I don’t remember when they started—the dreams of faceless entities, of black figures standing by my bed whispering in the deep shadows of my childhood room. Sometimes I would wake from their dark grasp and find my six-year-old self standing at the end of my parent’s bed, or in the kitchen, or walking down the hallway. Other times I would suffer from sleep paralysis, trapped between dream and reality, a scream trapped in my throat.

Some nights, fear gripped me so tight I thought my lungs were being crushed under the weight of it.
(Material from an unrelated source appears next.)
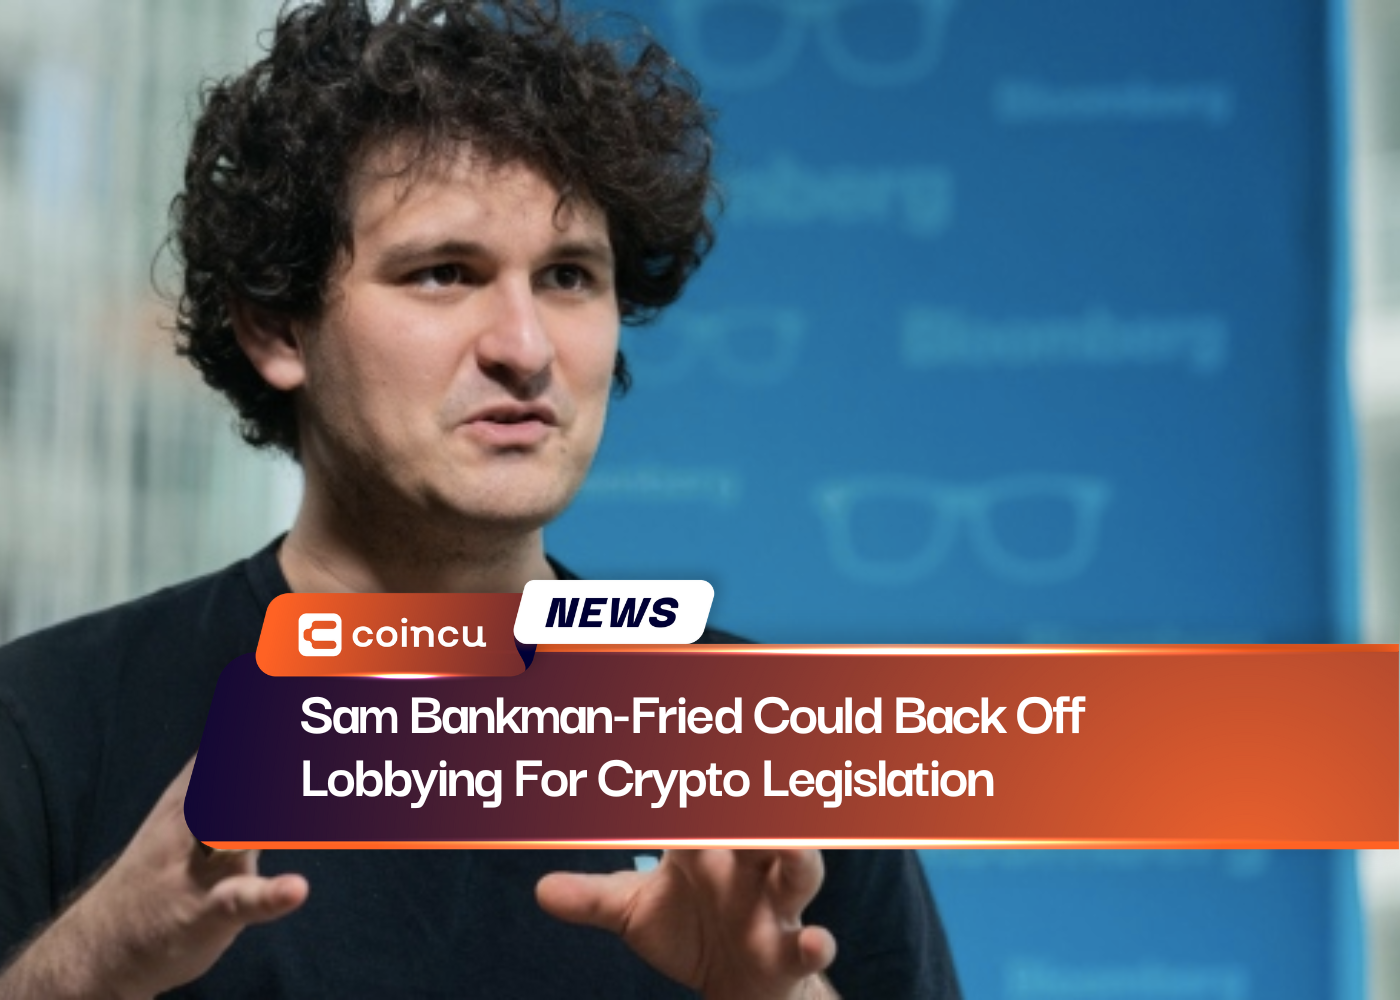 Sam Bankman-Fried Could Back Off Lobbying For Crypto Legislation

Books kept me company, kept me awake, kept me from falling into the arms of the monsters waiting for me on the other side of sleep as I huddled under the covers with a flashlight, stuffed animals standing guard around my bed.

A bible stayed tucked beneath my pillow, a cross around my neck, anything to ward off the evil stalking my dreams. The darkness both terrified and fascinated me and as I grew, I found myself drawn to all the shadowy terror my dreams were made of.

Childhood stories were replaced with novels by Christopher Pike, Dean Koontz, Stephen King, Lois Duncan, and V.C.Andrews. My mother would often catch me reading non-fiction about the occult, hauntings, demons, tarot, spirit boards, anything mystical, but she never made me feel ashamed of my obsession. Perhaps she sensed I was seeking a way to make sense of it all, to rationalize the irrational. For how can you recognize the light if you don’t understand the darkness?

The more I shined a light on my darkness, the quicker the nightmares faded. I still don’t understand what caused them or what they meant, but one day they no longer held power over me. The fear may be gone, but the shadows of those nightmares have never truly left me. I guess it’s not surprising that those experiences, so vividly etched upon my imagination and tightly twined around my soul, would find their way into my own writing. With the sun watching my back and the darkness in front of me, I delved into the world of the tainted, broken, haunted — first with short stories and dark poetry and then into the novel that would become my debut, Pretty Dark Nothing.

In Pretty Dark Nothing, I wanted to write about a girl facing her own darkness. What would happen if her nightmares manifested in her reality and she was the only one who could see them? How would fear, the self-awareness that what she was seeing might be real, but shouldn’t be, affect her everyday life, her relationships, her ability to trust herself, to trust others, and to make decisions.

I chose demons as metaphors for the darkness that lives inside all of us, the personification of that still small voice inside that perpetuates negative thought and twists the truth. They feed on the darkness living inside humans and exploit and magnify the insecurities and self-doubt they find and use it to gain power and create chaos.

While I’ve never seen a live demon, I hope my night terrors have been put to good use, to create a story rich in creepy atmosphere and emotional brokenness. I admit that at times it’s been terrifying to conjure up old nightmares and pick at the scars of fear left on my psyche, to bleed some of my own darkness onto the page, but watching Quinn fight demons helped me remember to always be wary of my own.